We’d get bused there and brought home daily for a big chunk of the summer. The building no longer exists. It went the way of most things in Downtown Hammond. It fell out of use, sat empty for a few years, and then was bulldozed to the ground. All that sits there now is an empty lot. All Saints Church is still there, and the public library sits across the street. The store and parade scene in A Christmas Story portrays what Downtown Hammond once was. That buzz of life has been gone for decades now.
I miss those magical summers of play and field trips, but what I miss most from that school is their peanut butter sandwiches. They were usually part of our lunch, served up at least once a week. No jelly. No jam. Nothing, but bread and peanut butter. Maybe it had butter, and just a touch of extra sugar to caramelize the exterior.

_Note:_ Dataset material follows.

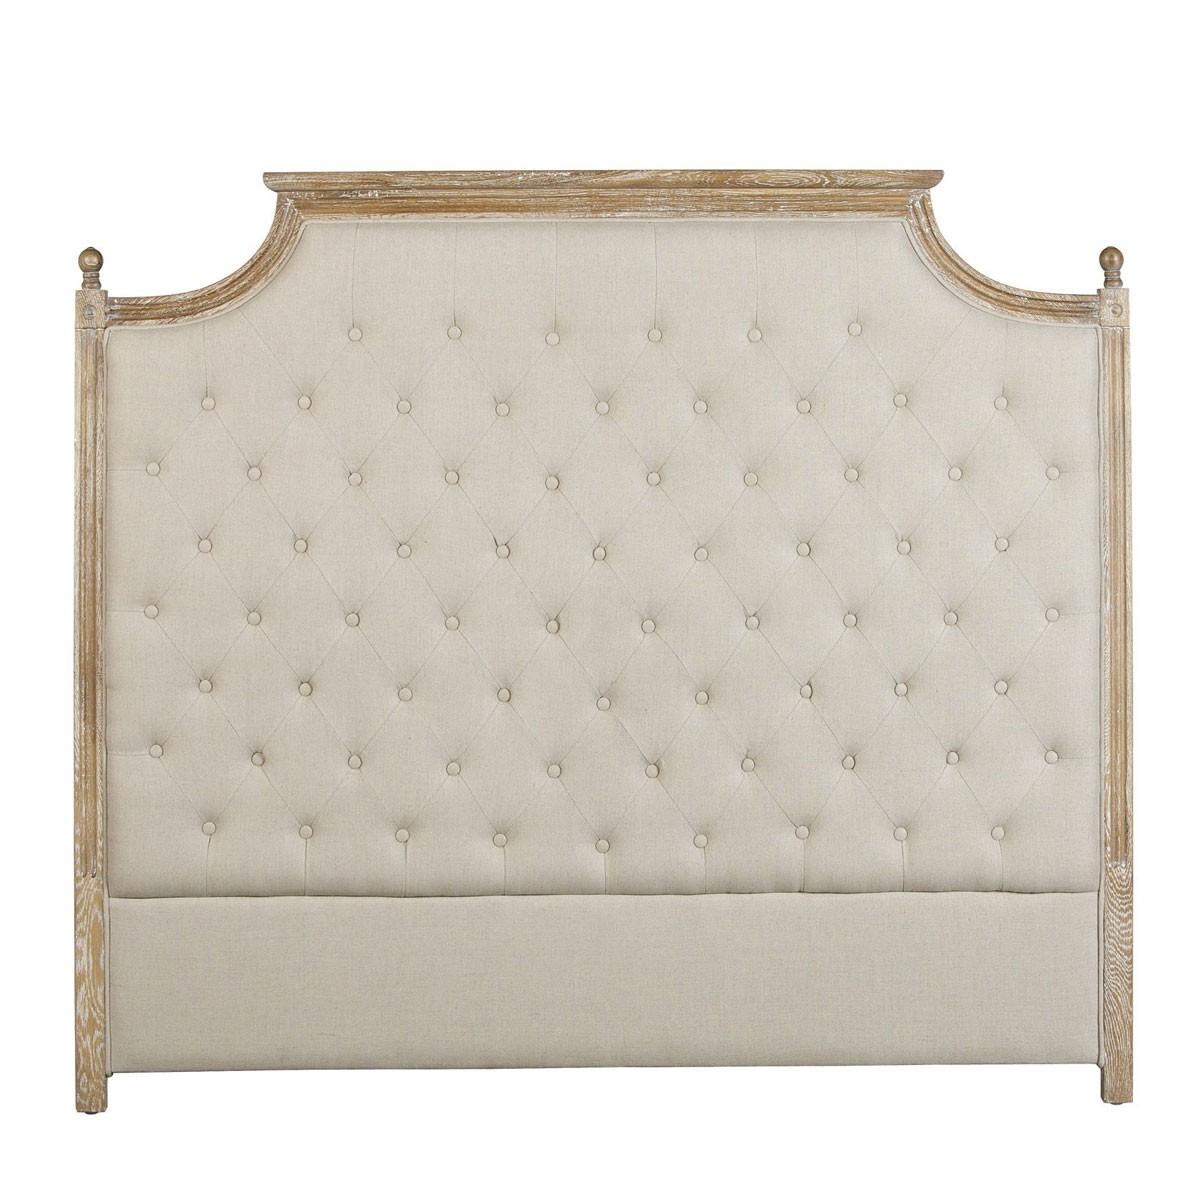 Cabezal 160cm tapizado con marco de madera - Erizho

They weren’t particularly fancy or out of the norm. I know for sure now that the bread never saw a toaster. The sandwiches were probably prepared in the style of a grilled cheese sandwich, only instead of cheese, it was, well, peanut butter. And maybe the cooks used butter. I don’t know. I didn’t know enough about cooking then to even attempt to make them at home. With time, I tried. My mind always traveled back to that basement lunch room where the gaggle of sweaty kids crowded into the line. If I smelled the peanut butter sandwiches, my heart would sing. I would take my tray to my table and eat those sandwiches piece by piece, enjoying every single bite.
I have never been able to find similar sandwiches anywhere. And I have never been able to replicate them. God knows I’ve tried.